Problem =
Reproduction without pictures: print every entry precisely as written.

──────

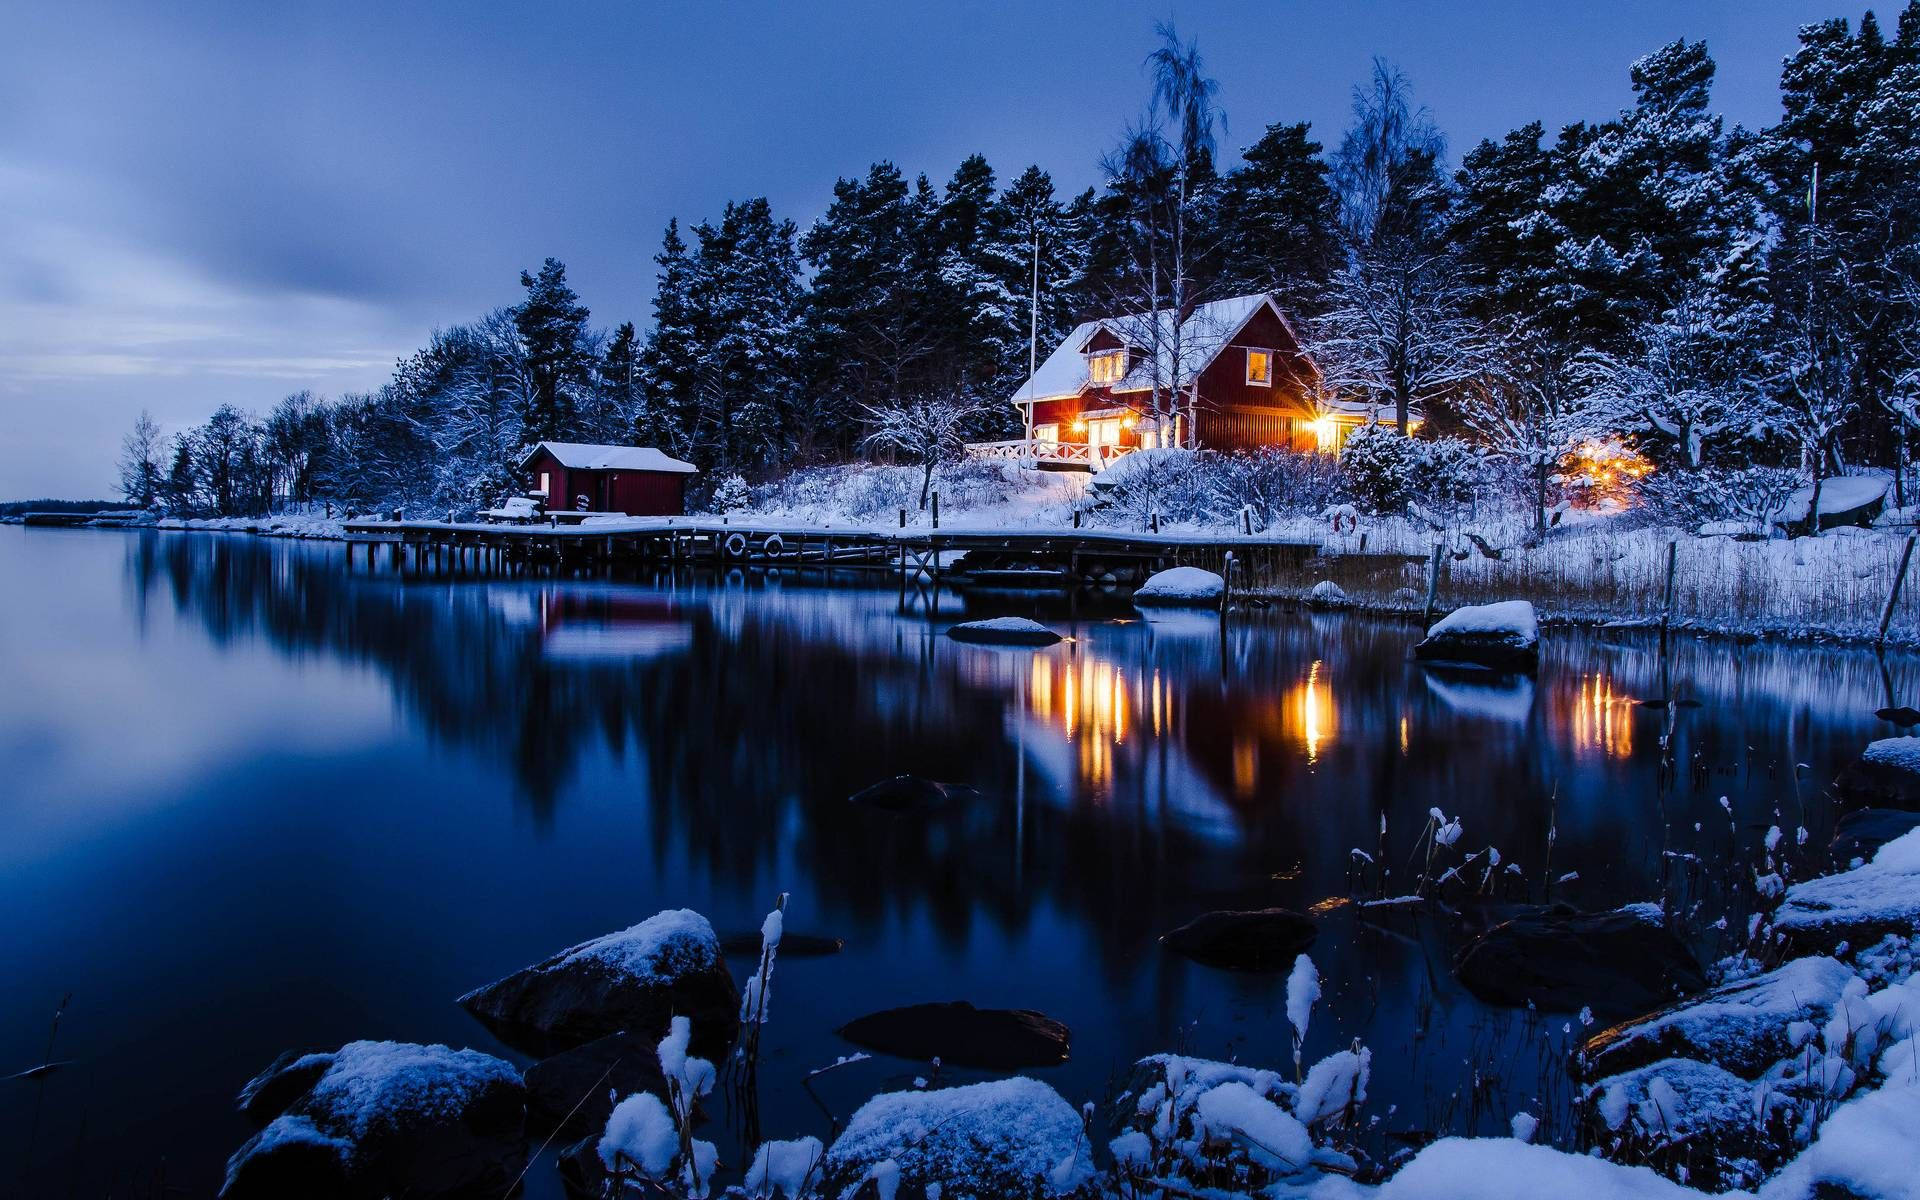 Night Cabin Winter Scenery In Sweden Wallpaper
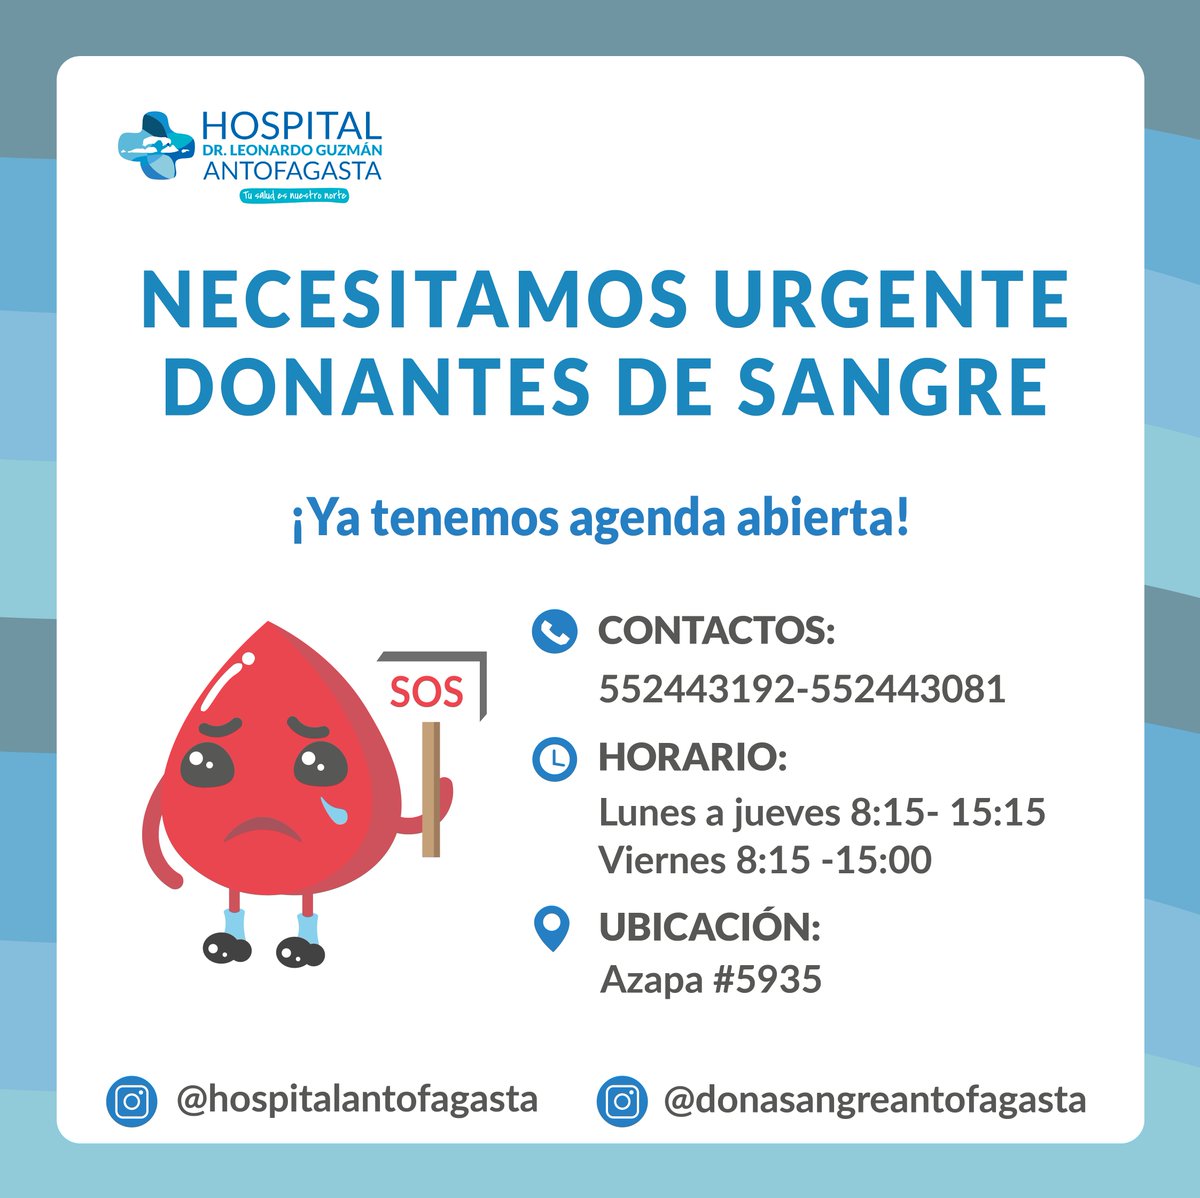 #Antofagasta | ¿Pensando en alguna buena acción para estos días? 
¡Ven a donar sangre! 
Donar es un acto voluntario y simple que no produce molestias.
¿Conoces los requisitos? 
+Inf: 552443192 - 552442083
#DonarSangreSalvaVidas

──────

Solution for this task =
 Night Cabin Winter Scenery In Sweden Wallpaper
 #Antofagasta | ¿Pensando en alguna buena acción para estos días? 
¡Ven a donar sangre! 
Donar es un acto voluntario y simple que no produce molestias.
¿Conoces los requisitos? 
+Inf: 552443192 - 552442083
#DonarSangreSalvaVidas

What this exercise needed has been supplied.